NB: Our interpretation of this is that the report most likely contains names of suspected perpetrators.
BLOGGER’S OBSERVATION: I, for one, have no hope in that report. As usual, it will be dumped from the first instance it was raised. With the presence of leaders like Museveni of Uganda being party to the war and its crimes, the Report is no deal to lay somebody’s hope on. It is binned in advance! Let’s just wait and see! And the people of South Sudan in particular, and Africa in general, will have been betrayed in exchange for power by their greedy leaders. Peace traded with justice was my hope, but now with the African brand of impunity by immunity, it is leadership exchanged with justice! But my hope is anchored on the lines by the Big Man of the Report. Should the African dictators sweep the report under their carpet, some Snowdens or Assanges will do service to our people.
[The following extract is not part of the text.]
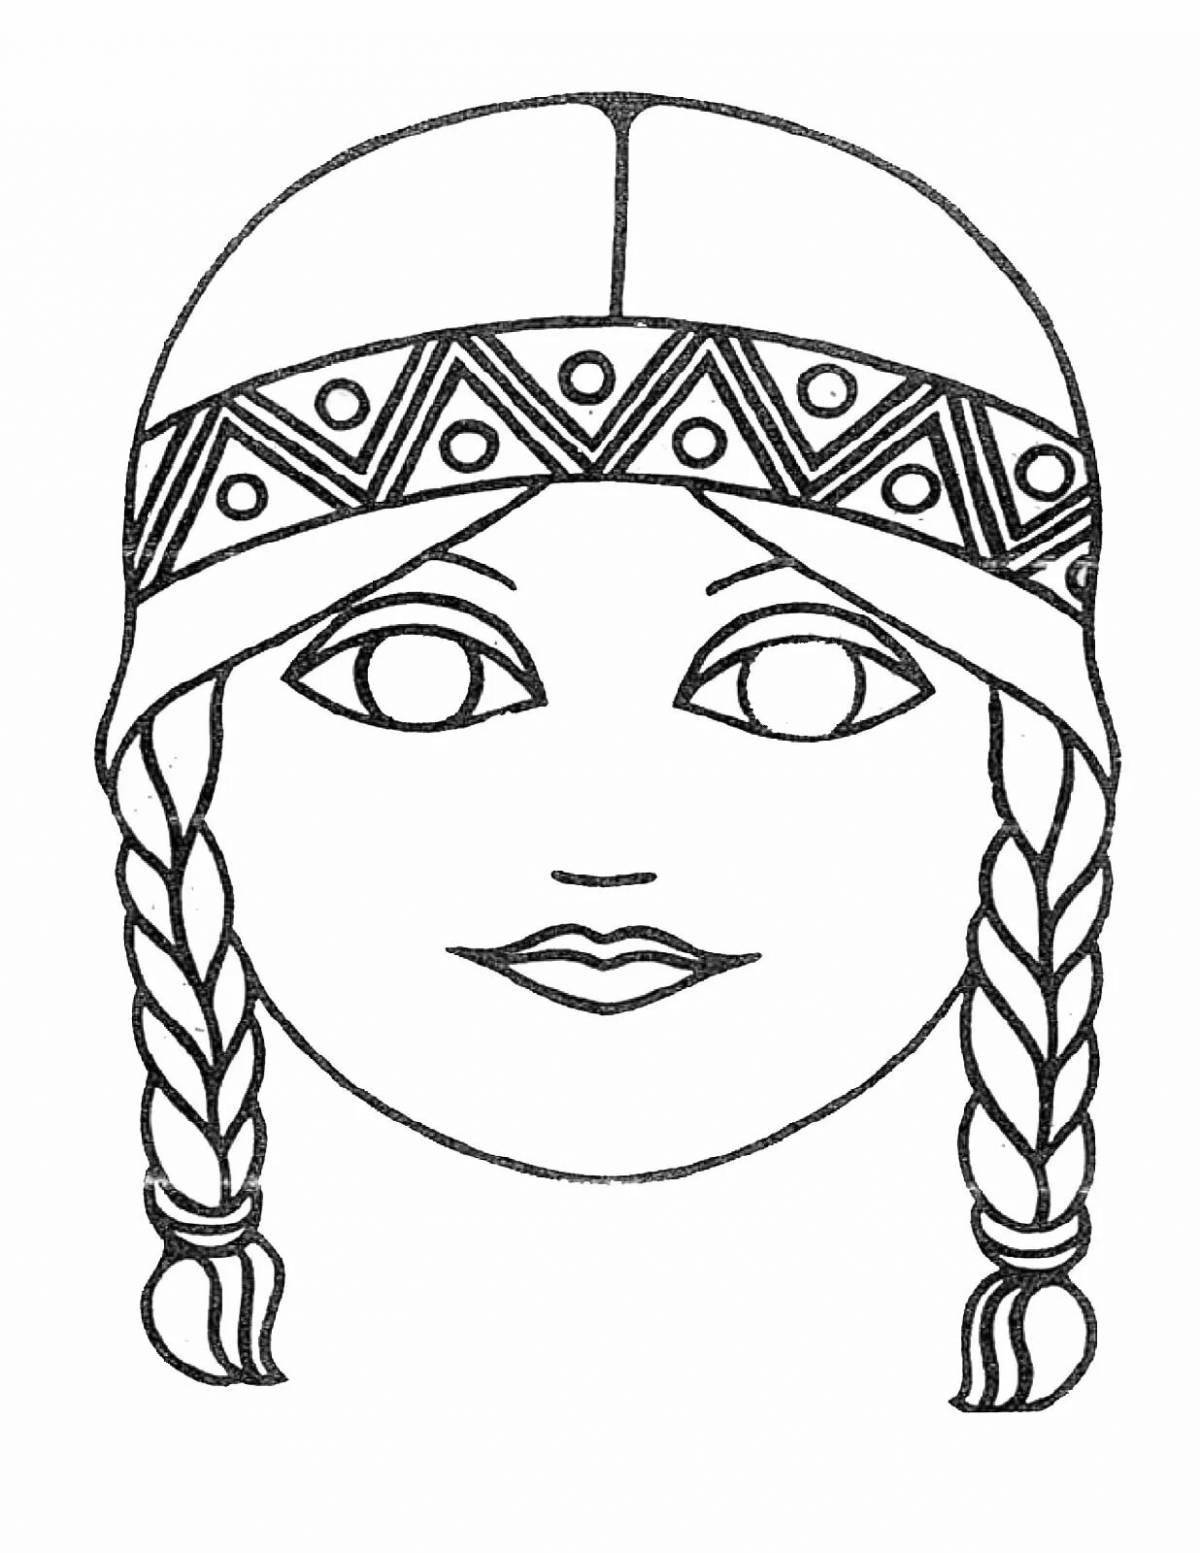 Coloring for the elegant face of the snow maiden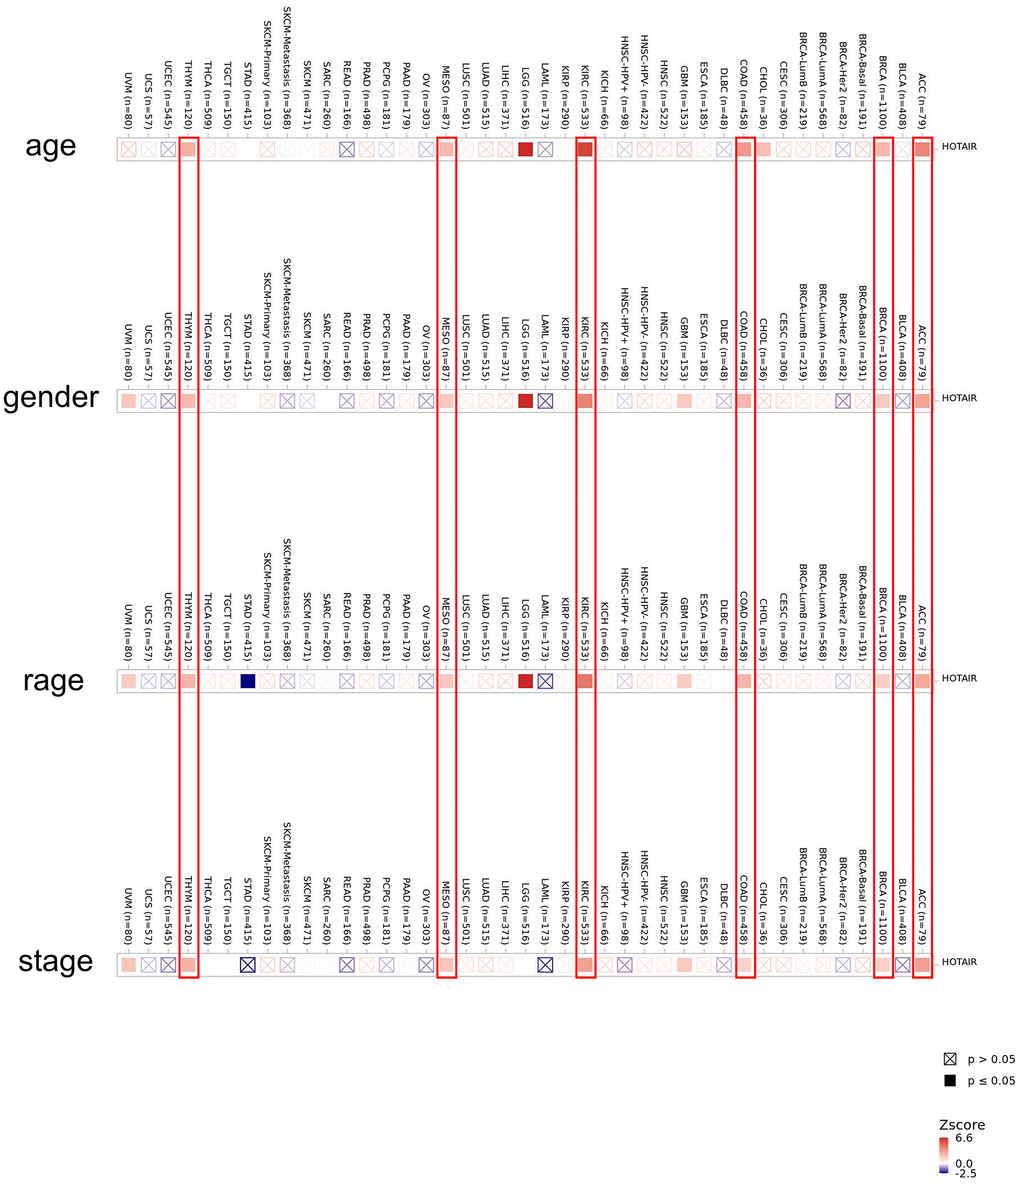 Correlation between HOTAIR expression level and clinicopathological parameters in human cancers including age, gender, race and stage across all tumors in TCGA. The red color indicates a positive correlation (0–1), while the blue color represents a negative correlation (−1–0). The correlation with P-value

I mean, the Report should get leaked out of frustrations, Inshallah!
(Petition to AU by South Sudanese Organisations on the Release of the CoI Report)
If the African Union (AU) decides to keep its report documenting wartime abuses in South Sudan under wraps, it could hinder bringing those responsible for war crimes and crimes against humanity to account.
On Thursday, the AU Peace and Security Council is expected to consider the final report of the AU Commission of Inquiry on South Sudan, its first-ever commission to document the conflict’s abuses and offer recommendations on justice and reconciliation. It should release this report to the public.
In December 2013, a dispute between South Sudan’s President Salva Kiir and former Vice President Riek Machar set off a shockingly brutal armed conflict. The region’s long history of impunity for grave crimes has only fuelled the abuses in the recent war. If South Sudan is to end cycles of violence, ensuring justice this time around is one of the key ingredients.
The AU’s creation of the Commission of Inquiry on South Sudan was a crucial step in the right direction, but its unprecedented effort risks being undermined if the report is not made public.
Some regional players may be reluctant to see the information in the report published on the idea that it could upset current peace negotiations. But this assumption is misplaced. To the contrary, the parties to the peace negotiations should be fully confronted with the commission’s findings, and they should be pressed for concrete steps to bring about justice in any peace agreement. Human Rights Watch has seen many times in our work on conflict situations that countries can both pursue efforts to hold human rights abusers accountable and advance peace agreements. However, the risks of trading away justice are significant – lack of accountability can embolden perpetrators of further crimes and undermine respect for the rule of law.
Both parties to South Sudan’s conflict have repeatedly pledged to promote justice. There is strong support in South Sudan for ending impunity for grave crimes. Local, regional, and international stakeholders are waiting for the report before they take the next steps to advance accountability. There should be no further delay of publicly reporting on these findings and recommendations.
South Sudanese have endured enough pain and suffering and deserve redress for the horrific crimes committed in the past year. Justice is not only an individual right of the victims of abuses, it is also a crucial part of building sustainable peace and a brighter future for this young country. The AU, which has sought a resolution to the conflict, should not lose sight of the importance of publishing the commission’s report as an important means to promote justice for grave crimes committed.